Many pets suffer from separation anxiety when you leave them for periods of time. Crate training can be very beneficial to pets with separation anxiety and provides them with a safe space to be comfortable in, as well as protects your belongings from destructive behaviors. However, some dogs will become more stressed and anxious when left in their crate. Be sure to follow proper crate training techniques and monitor your pet to decide whether crate training is the right option for their anxiety.
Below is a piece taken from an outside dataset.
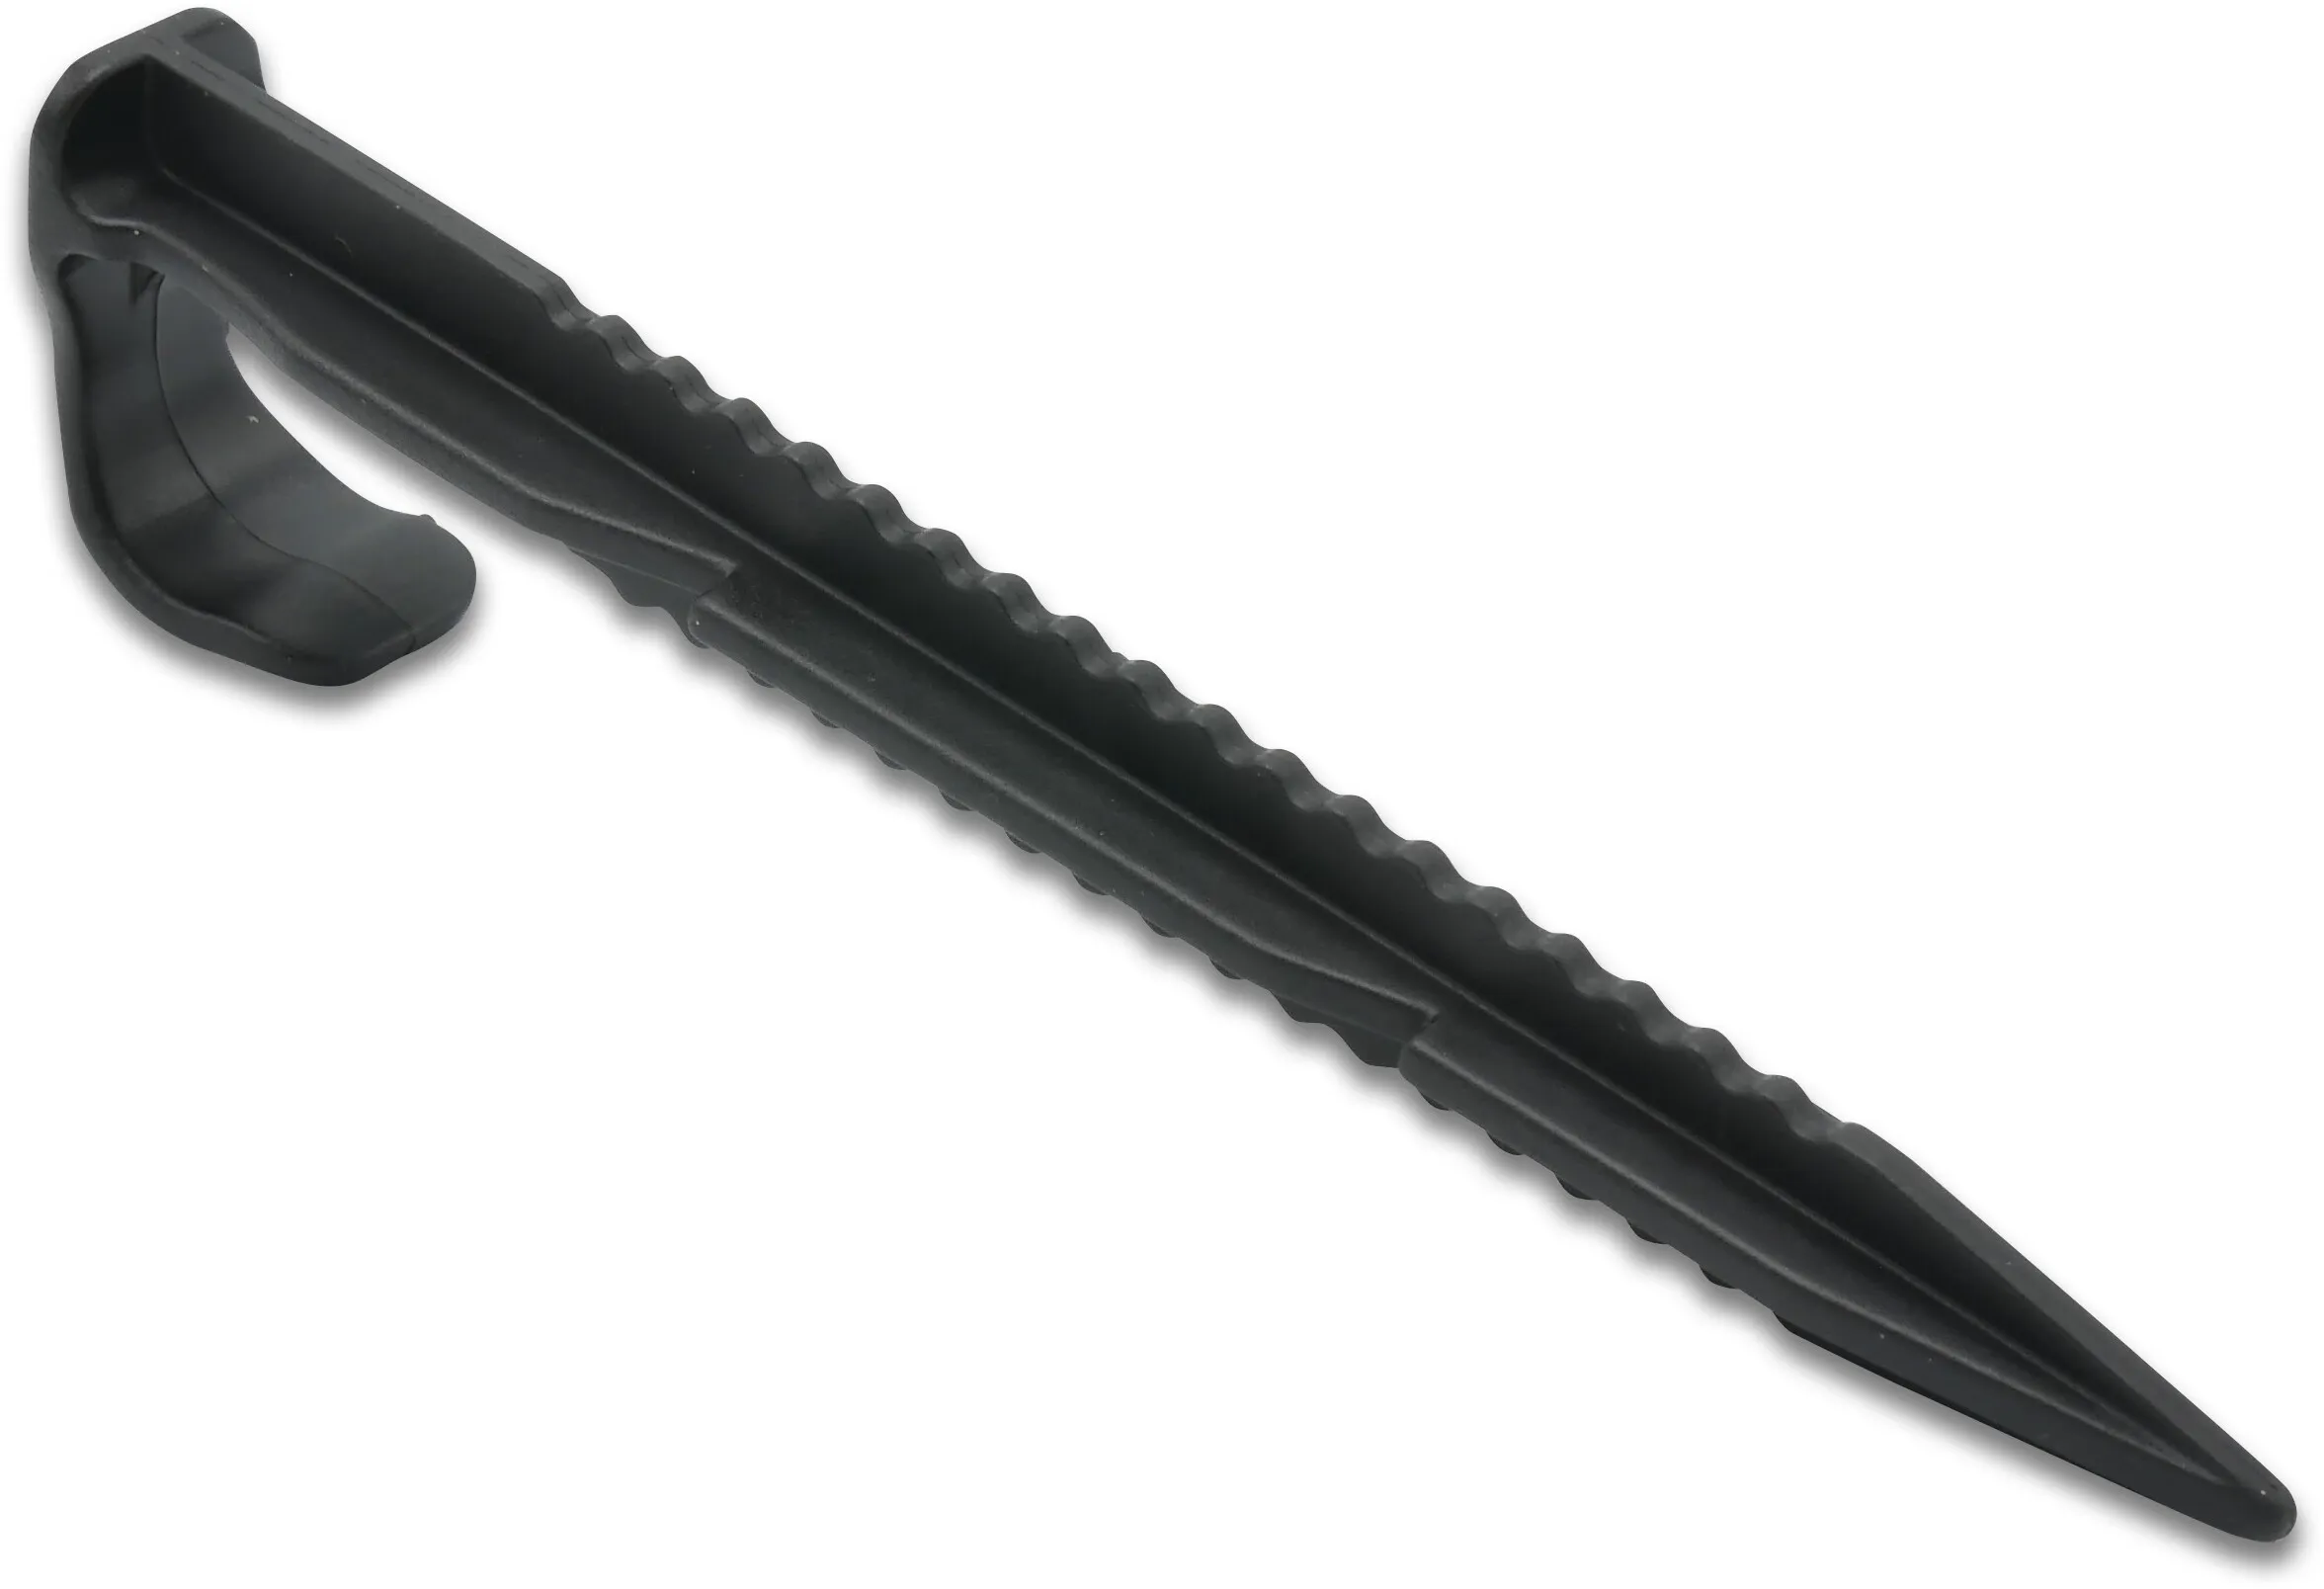 Szpilka do linii kroplującej tworzywo sztuczne 16-20 mm 15cm czarny

Medication is a common option for humans and pets who have anxiety. CBD oil pet products are an all-natural choice with no adverse side effects that are safe to use for the short and long term. CBD contains no THC found in marijuana and gives your pet feelings of calm and relaxation. It can be administered to pets as a tincture or flavored treats. You can discuss CBD and other medication options to treat your pet’s anxiety with your veterinarian. Some prescription medications for anxiety may have side effects, so be sure to talk about them with your vet.

Give Your Pet Exercise

Many of the popular breeds of dogs today were originally bred to do a job. They may have been a partner to their master in hunting, eradicating pests, herding farm animals, or any number of activities that required extra energy to get the job done. As family pets, they still have this long-ingrained energy running through them and need extra stimulation and exercise to burn it off. If they don’t get proper exercise, they may develop anxiety or other behavioral problems. Keep your pet stimulated physically and mentally by taking them to new places for walks, socializing them at dog parks, playing fun games, and training them with positive reinforcement.

Avoid Anxiety Triggers

If training, medication, and exercise are of little help to your pet’s condition, you don’t have to put your life on hold. Do your best to avoid the triggers that cause your dog to become anxious. For example, if your dog becomes uneasy at the sound of fireworks, let them stay with a friend who lives in an area where fireworks aren’t common on the Fourth of July. Or, if they become extremely worked up around lots of other dogs, don’t take them to dog parks. You may also want to consider doggie daycare and boarding for some unavoidable occasions.

In short, anxiety is very real for dogs, cats, and other pet breeds. No one is sure why pets develop anxiety, but there are contributing factors such as age, breed, and past events. As owners, we can try our best to utilize treatments that help keep them calm and relaxed.